We’ve had jokes about the Boomers and how great they’ve had it for literal decades now, with this being a good, funny take:
And
even made the case a while back that there was a “Boomer Blockade” that was causing leadership and community involvement erosion.And then there’s “OK Boomer,” etc.
But now there’s a different reality emerging, and again, it’s a subset of Boomers, not all of them. As with most things in America, it’s along class/money lines. I first became more aware of it in this video:
That video has some flaws, because he keeps referring to a “three-legged stool” of Boomer wealth without mentioning housing, which is the primary leg of the Boomer stool in many cases.

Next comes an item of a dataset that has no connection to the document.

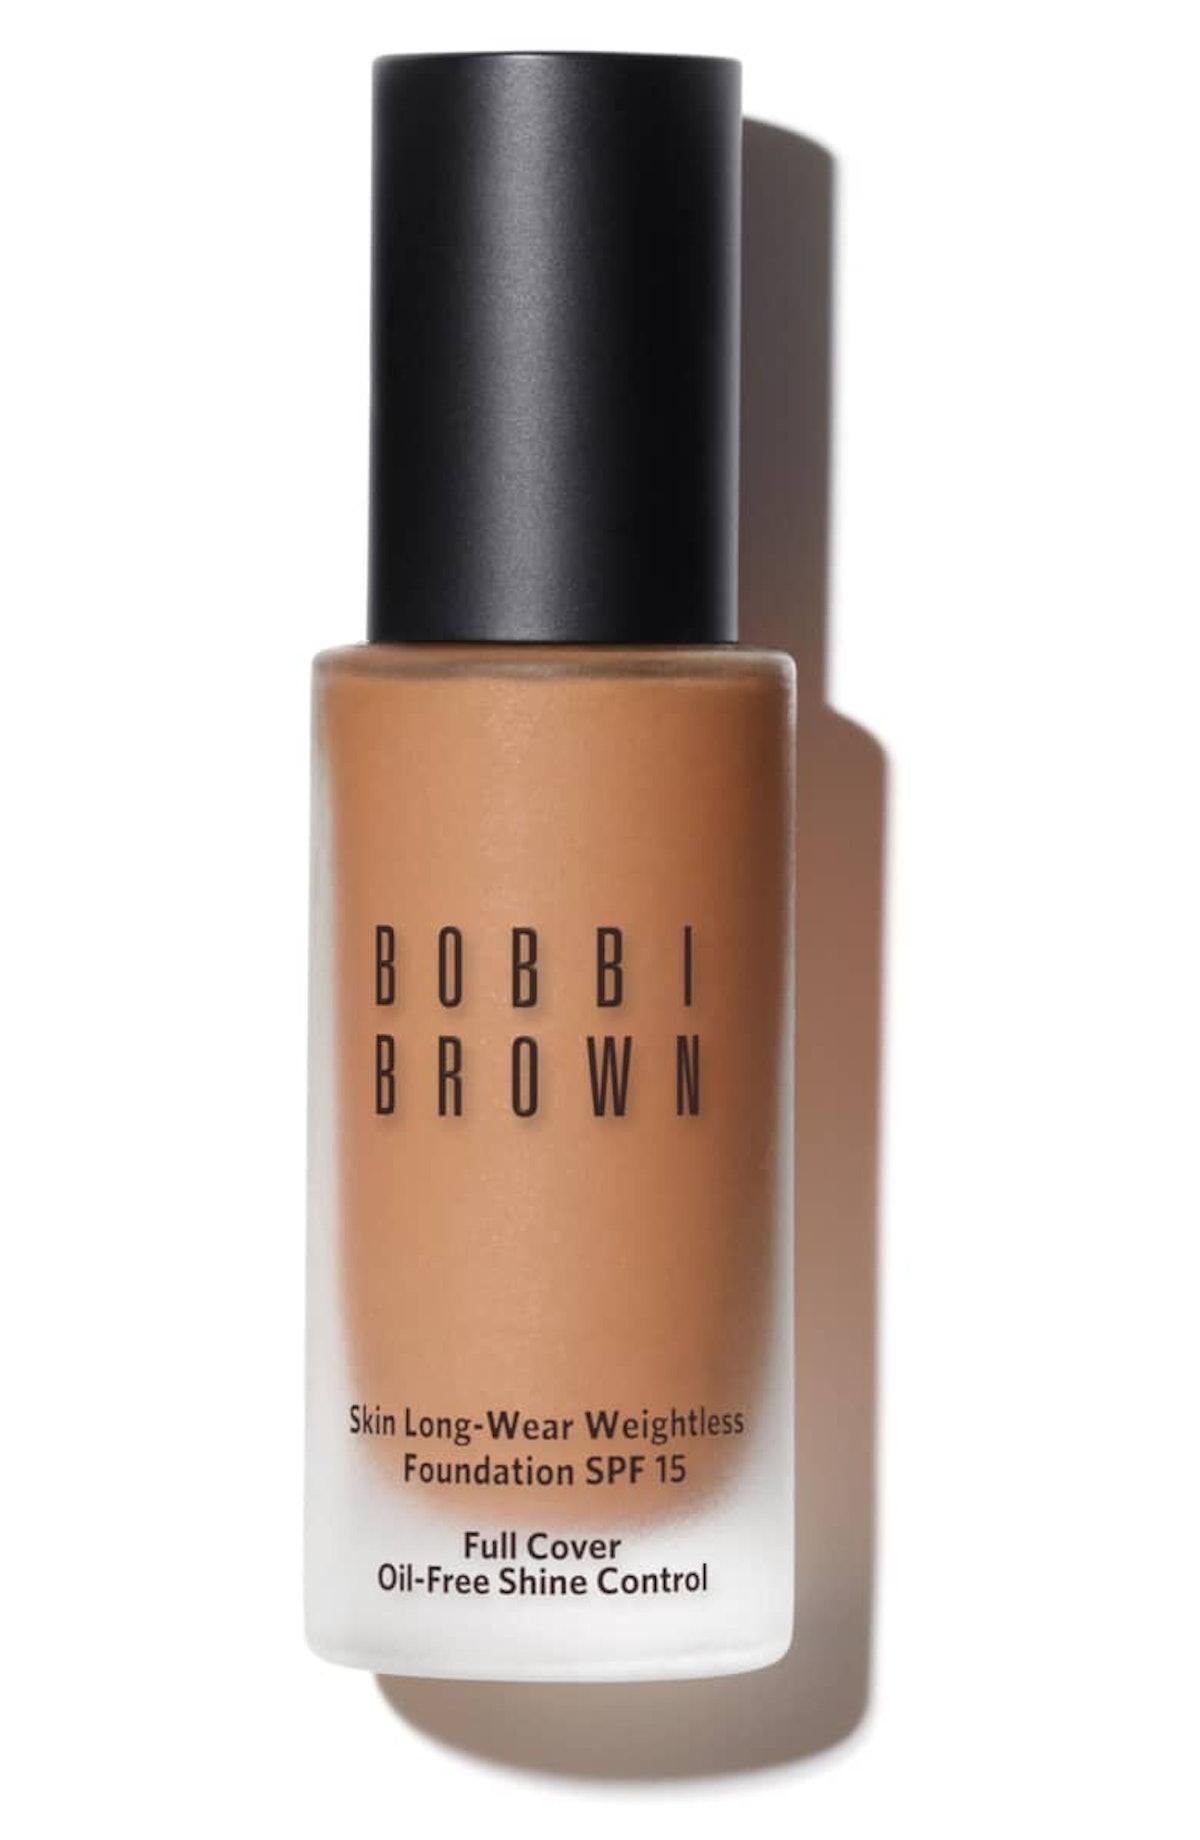 Bobbi Brown Skin Long-Wear Weightless Foundation SPF 15

But right at this moment, housing is an absolute cluster-f*ck because of “rate lock.” If Boomers think they have a house worth $2M, and there’s an audience for that house, said audience is not going to pay $2M at 7%, unless they can find the $2M in cash. As a result, Boomers are kinda stuck not being able to access capital from conceivably their biggest investment. And when and if they do access that capital, rents are also jacked up in a lot of places — for people who (a) may lack a pension of any note and (b) will have a hard time finding solid-paying work due to, well, ageism and tech.
From 2007 through 2017, the percentage of people 51 and older in homeless shelters rose from 16.5% to 23%, a rate greater than what would be expected just from the increase in people of that age group. In 2018, the department started tracking people 55 and older in homeless shelters, and the figure rose from 16.3% to 19.8% in 2021.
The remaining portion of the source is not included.